But how often is someone drunk compared to sober?" Zel asked. "Why
ditch it all just so you can tank up?... god. WHY am I arguing this?"
"My argument is too logical to continue such a protest."
"No, not that," Zelgadis said. "Look... I
don't like emotions much either. The few times I really caved to
them, stuff went bad. In a big way. One time, I got totally
angry at what I thought someone had done to Lina that I didn't notice an
obvious trap until I was caught... I mean, if I could have stayed as cool
as you do, it wouldn't have happened."
Chi'Nai had to give pause. "Then why ARE you
arguing it?"
"Because... because! I don't know. Because
you're arguing against it, maybe," Zel guessed, dismissively. "I'm
supposed to be helping you and your whole race recover from this state,
you know. I promised your dad."
"It can't be done," Chi'Nai stated, hard fact as
hard as her skin. "At least I have mastered living without them,
unlike my father."
A germ of an idea festered in Zel's head.
"Prove it, then."
"Prove it?"
"Get drunk," he suggested. "Right here, right
now. It holds a magnifying glass up to your feelings, right?

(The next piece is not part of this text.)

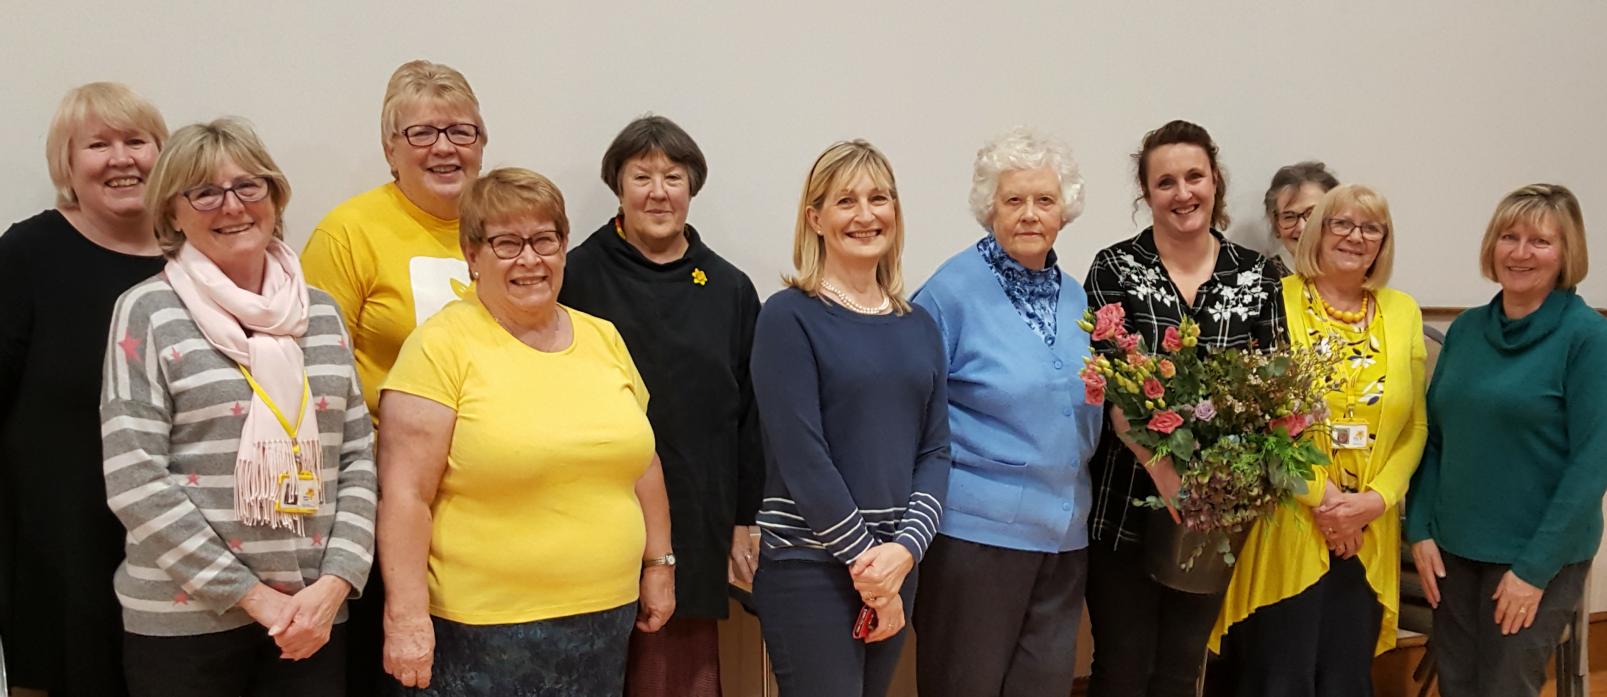 VITAL FUNDRAISING: Members of the group with Sarah Meeson, who is pictured with the flowers
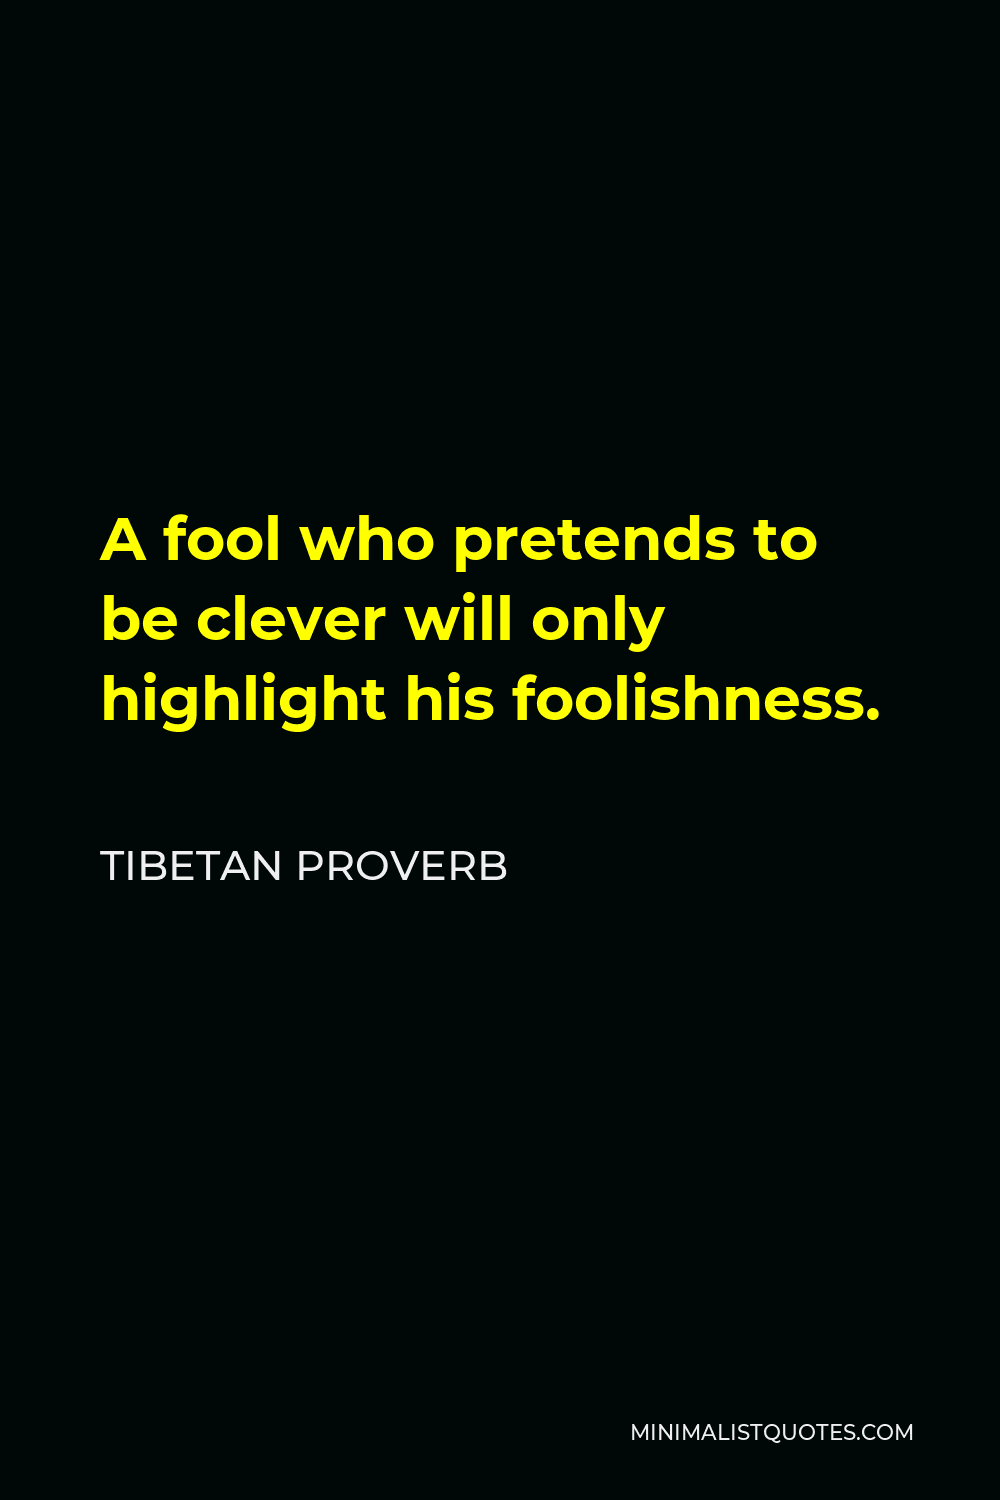 Tibetan Proverb Quote - A fool who pretends to be clever will only highlight his foolishness.

If you don't change in the slightest, if you don't go nuts, I'll believe
you. But if you've got even a shred of something in there, it'll
show. Makes logical sense.... doesn't it?"
The chimera girl hesitated. "That.. would
be juvenile. At best."
"Chicken," Zel accused, smiling all the way.
Now he was starting to enjoy this. True, it WAS juvenile, but...
somehow, he was getting a kick out of psychologically fencing with the
girl.
"You will not goad me," she defended.
"And you're just afraid you could be wrong.
Then you'd have to face the fact that you DO have some emotions.
Boy, that'd shake your world, wouldn't it?"
"...I will prove you wrong. Get a bottle,"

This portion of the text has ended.